Search code examples
pythonpandassequencespss-modeler

How to returns the number of records that have passed since EXPR in Python


I'm trying to replicate the IBM SPSS function @SINCE using Python and Pandas, but unfortunately, I've got stuck in a part of my process. Is there a direct function that replicates IBM SPSS CLEM @SINCE using python?

Here is the link for more info: Link

IMB @SINCE function description

"This function returns the offset of the last record where this condition was true--that is, the number of records before this one in which the condition was true. If the condition has never been true, @SINCE returns @INDEX + 1." (IBM, 2020)

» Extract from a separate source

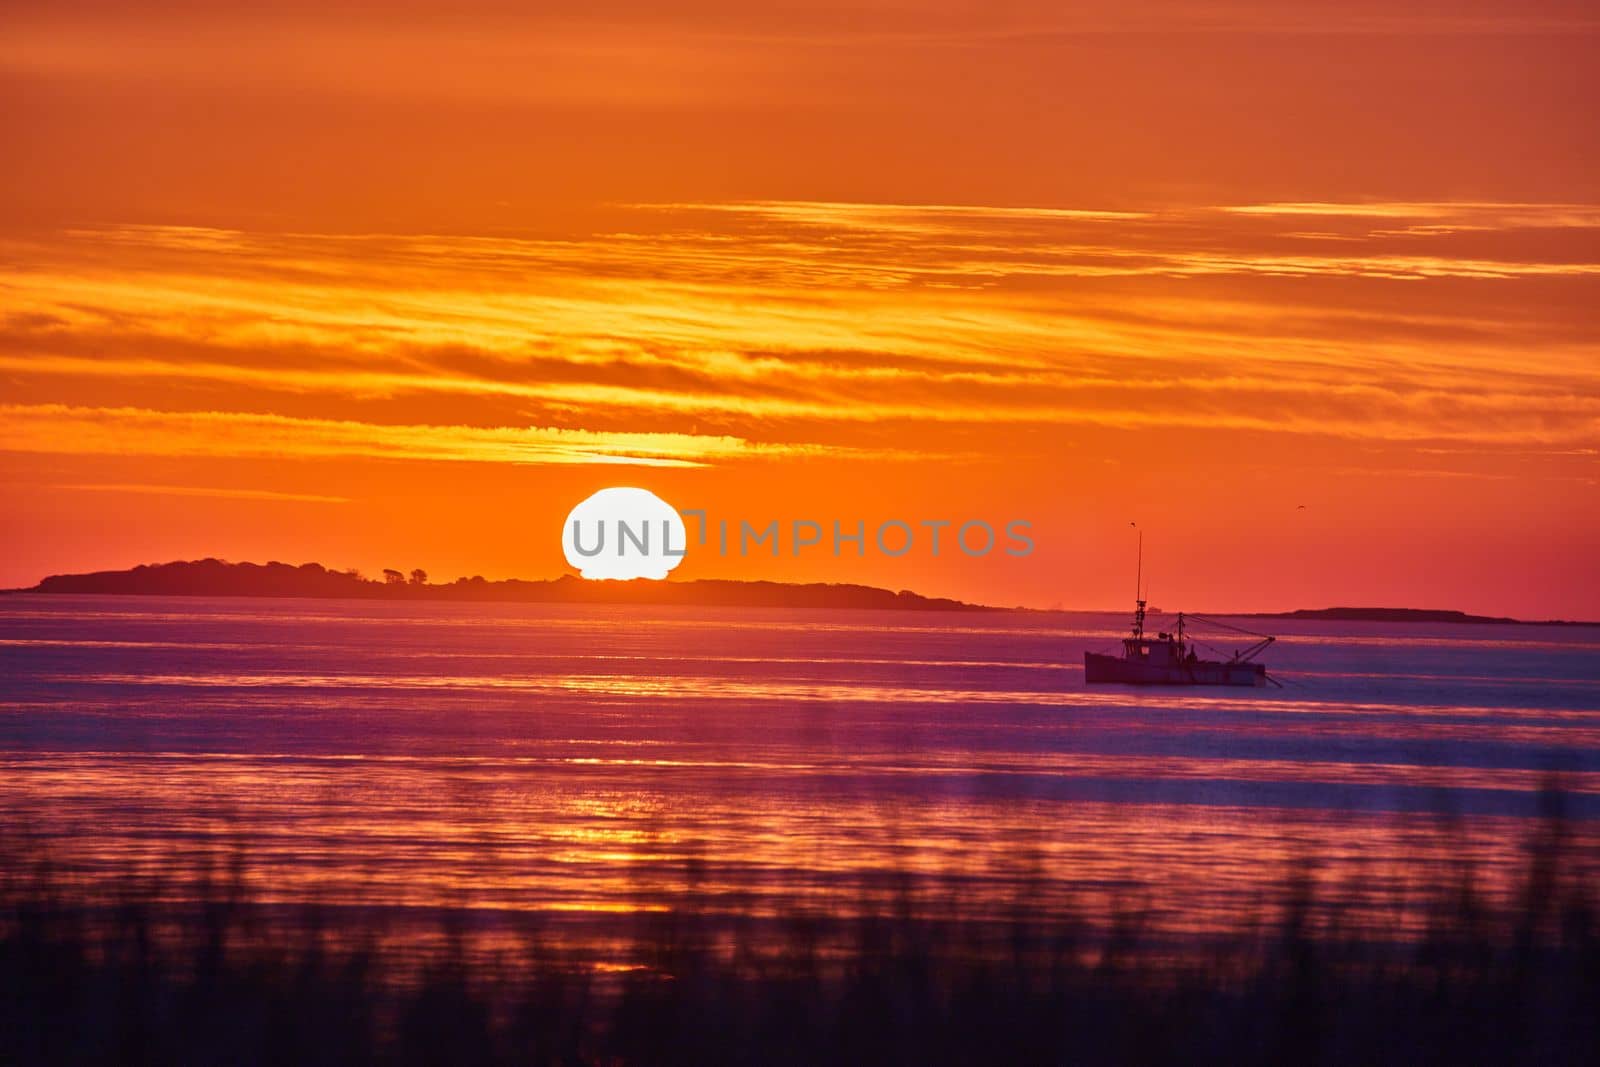 Sunrise with golden light on ocean east coast with grassy coast in foreground and fishing ship in distance by njproductions

I've been trying to replicate this function from scratch, but I haven't find the right way to do it:

How do I do this with pandas and Python?

Here the problem,

My data looks like this:

Original Data

+------+----------+
| Type | Flag     |
+------+----------+
| d    |          |
+------+----------+
| A    | myStatus |
+------+----------+
| c    |          |
+------+----------+
| B    | myStatus |
+------+----------+
| c    |          |
+------+----------+
| c    | myStatus |
+------+----------+
| c    |          |
+------+----------+
| d    |          |
+------+----------+
| d    |          |
+------+----------+
| A    | myStatus |
+------+----------+

In IBM SPSS I use this formula to get this data:

if Type = 'A' or Type = 'B' then @SINCE(Flag = 'myStatus') else -1 endif

And this is the output:

+------+----------+----------------+
| Type | Flag     | Expected Count |
+------+----------+----------------+
| d    |          | -1             |
+------+----------+----------------+
| A    | myStatus | 0              |
+------+----------+----------------+
| c    |          | -1             |
+------+----------+----------------+
| B    | myStatus | 2              |
+------+----------+----------------+
| c    |          | -1             |
+------+----------+----------------+
| c    | myStatus | -1             |
+------+----------+----------------+
| c    |          | -1             |
+------+----------+----------------+
| d    |          | -1             |
+------+----------+----------------+
| d    |          | -1             |
+------+----------+----------------+
| A    | myStatus | 4              |
+------+----------+----------------+

Solution

  • So, I found the way to fix this problem: here is the code:

    df = pd.DataFrame({"Type":["d", "A", "c", "B", "c", "c", "c", "d", "d", "A"],
                   "Flag":[np.nan, "myStatus", np.nan, "myStatus", np.nan, "myStatus", np.nan, np.nan, np.nan, "myStatus"]})
    

    Function to solve the problem:

    def spssSince(df):
       df_temp = df
       df_temp = df[df.Flag=="myStatus"]
       df_temp['last_ind'] = df_temp.index
       df_temp['last_ind'] = df_temp.last_ind.shift(1)
       df_temp['last_ind'] = df_temp['last_ind'].fillna(1)
       df_temp["Expected Count"] = df_temp.index - df_temp.last_ind
       df_temp.loc[~df_temp.Type.isin(["A", "B"]), "Expected Count"] = -1
       DFreturn = pd.merge(left=df, right=df_temp.drop(['Type', 'Flag', 'last_ind'], axis=1), how="left", left_index=True, right_index=True)
       DFreturn["Expected Count"] = DFreturn["Expected Count"].fillna(-1)
       return DFreturn
    

    Basically the function calculates the last SINCE value from a condition, calculating the actual index among the index that has the validation (using shift()).